European Court Blasts Azerbaijan For ‘Endorsing’ Safarov’s Axe Murder Of Margaryan In Sleep.

Azerbaijan violated a key European convention by pardoning, rewarding and glorifying an Azerbaijani army officer who hacked to death a sleeping Armenian colleague in Hungary in 2004, the European Court of Human Rights (ECHR) ruled on Tuesday.

The Strasbourg-based court said Baku’s actions amounted to the “approval” and “endorsement” of the “very serious ethnically-biased crime” committed by the officer, Ramil Safarov, during a NATO training course held in the Hungarian capital Budapest.

A court in Budapest sentenced Safarov to life imprisonment in 2006, convicting him of axe-murdering Lieutenant Gurgen Margaryan and trying unsuccessfully to kill another Armenian participant of the course, Hayk Makuchyan, in the same fashion. Margaryan was attacked while he slept in his dormitory room.

Safarov received a hero’s welcome in Baku immediately after the Hungarian authorities controversially extradited him to Azerbaijan in 2012. He was not only pardoned by Azerbaijani President Ilham Aliyev but also promoted to the rank of major, granted a free apartment and paid eight years’ worth of back pay.

Safarov’s release provoked a furious reaction from Armenia and strong international criticism. Armenia suspended diplomatic relations with Hungary in protest.

In 2013, Makuchyan and Margaryan’s now deceased uncle, Samvel Minasian, appealed to the ECHR to rule that the Azerbaijani and Hungarian governments’ actions ran counter to several articles of the European Convention on Human Rights. One of those articles upholds a person’s right to life and while another forbids any ethnic or religious discrimination.

The plaintiffs also asked the court to consider ordering the revocation of Safarov’s pardon. They did not seek any damages apart from a reimbursement of their legal expenses.

In a lengthy verdict, the ECHR concluded that “the acts of Azerbaijan in effect granted [Ramil Safarov] impunity for the crimes committed against his Armenian victims.” Those acts were “racially motivated,” it said.

“Quite apart from his pardon, the Court is particularly struck by the fact that, in addition to immediate release, upon his return to Azerbaijan [Safarov] was granted a number of other benefits, such as salary arrears for the period spent in prison, a flat in Baku and a promotion in military rank awarded at a public ceremony,” reads the ruling.

“In addition, the Court finds particularly disturbing the statements made by a number of Azerbaijani officials glorifying [Safarov,] his deeds and his pardon. It also deplores the fact that a large majority of those statements expressed particular support for the fact that [Safarov’s] crimes had been directed against Armenian soldiers, congratulated him on his actions and called him a patriot, a role model and a hero,” it says.

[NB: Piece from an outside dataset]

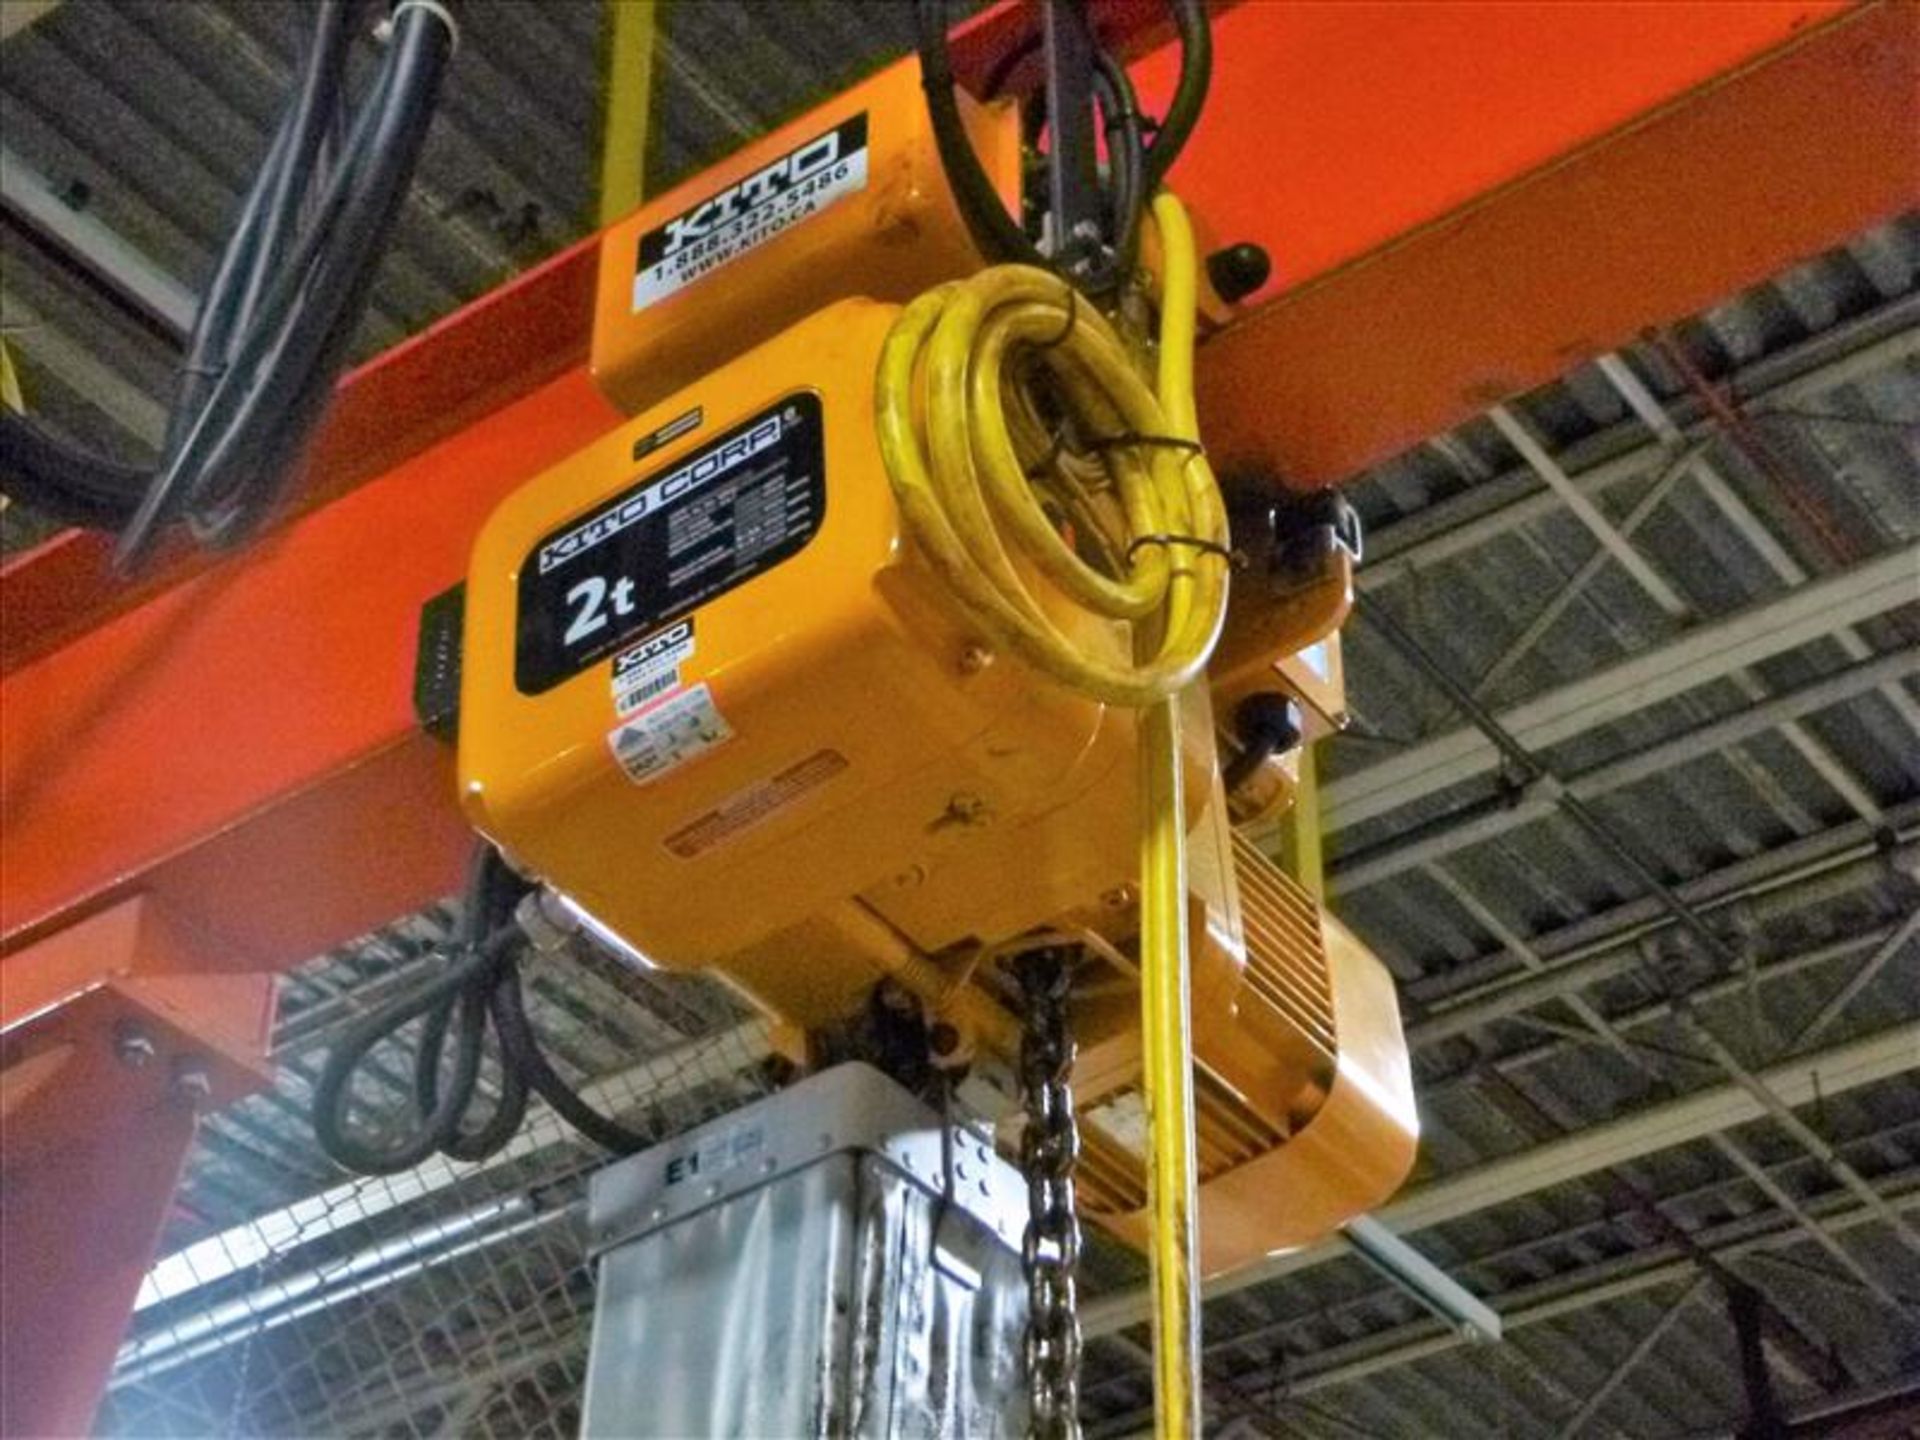 Carney battery lifting system w/ A-frame gantry, 2-ton cap., Kito 2-ton electric chain hoist and - Image 2 of 3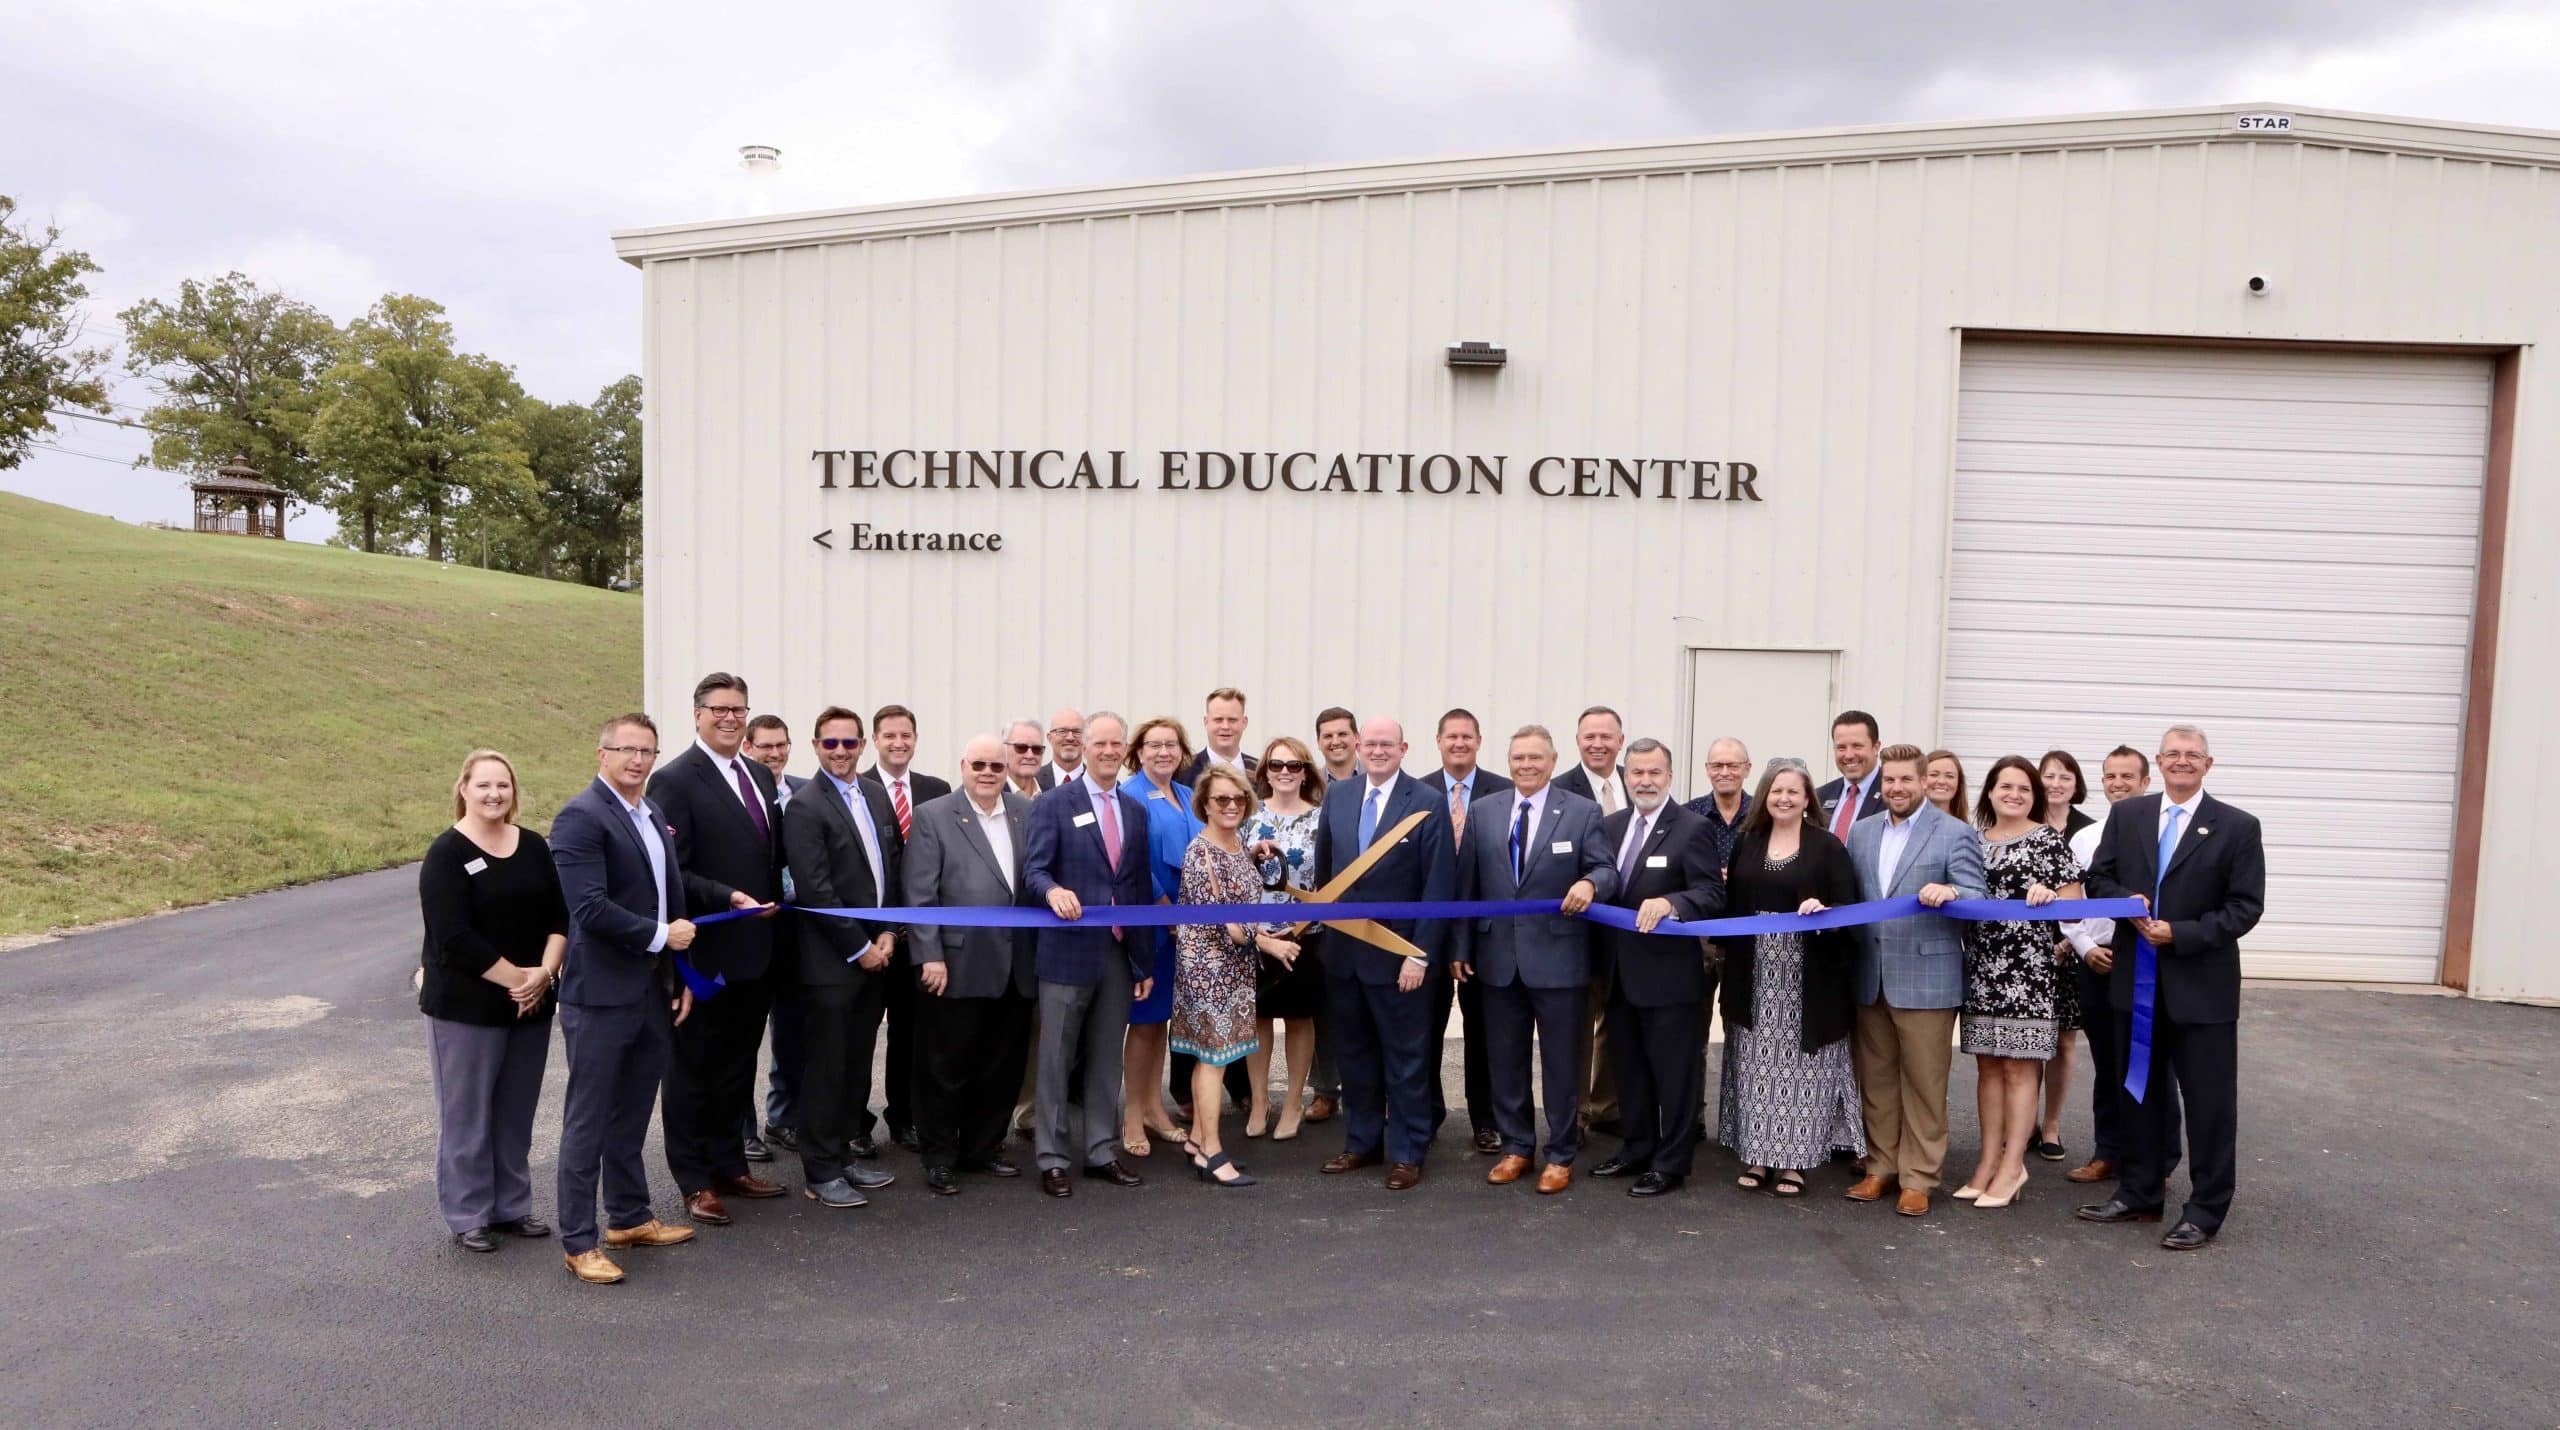 OTC officials and community partners cut the ribbon at the Table Rock Technical Education Center

At the same time the Strasbourg rejected the plaintiffs’ claim that the Azerbaijani authorities are also directly responsible for Margaryan’s murder. It said that while the authorities clearly endorsed the killing there is no evidence to suggest that Safarov’s actions “could have been foreseen by his commanding officers or should be held imputable to the Azerbaijani State as a whole.”

Azerbaijani officials have for years sought to justify the brutal murder, portraying Safarov as a victim of “Armenian aggression” against Azerbaijan. Accordingly, Aliyev has defended his decision to free the convicted axe-murderer.

“Azerbaijan freed its officer, returned him to the homeland and restored justice,” the Azerbaijani president declared in 2013.
The ECHR also cleared Hungary of any wrongdoing in the scandalous affair. It said the Armenian plaintiffs failed to substantiate their claim that the Hungarian government should have known beforehand that Safarov will be set free if repatriated.

Official Budapest has insisted all along that the extradition was in line with the European convention. It has also said that it had received formal assurances from Baku that Safarov will serve the rest of the life sentence in an Azerbaijani prison.

Armenia’s former government dismissed this explanation when it froze diplomatic ties with Hungary in 2012. Then Foreign Minister Edward Nalbandian alleged at the time that corruption was at the root of the “Azerbaijani-Hungarian deal.”

In a 2017 report, the Organized Crime and Corruption Reporting Project (OCCRP) revealed that from 2012 to 2013 more than $9 million was transferred to Hungarian bank accounts of an offshore company owned by a son of a senior Azerbaijani government official. It said that the first $450,000 cash transfer was carried out in July 2012, one month before Safarov’s extradition.

Hungarian Foreign Minister Peter Szijjarto strongly denied any connection between the cash flows and the scandalous extradition. Hungary’s controversial Prime Minister Viktor Orban visited Baku in June 2012.

The OCCRP report titled “The Azerbaijan Laundromat” claimed that Azerbaijan’s ruling elite used a $2.9 billion slush fund to pay off European politicians, buy luxury goods, and launder money in 2012-2014.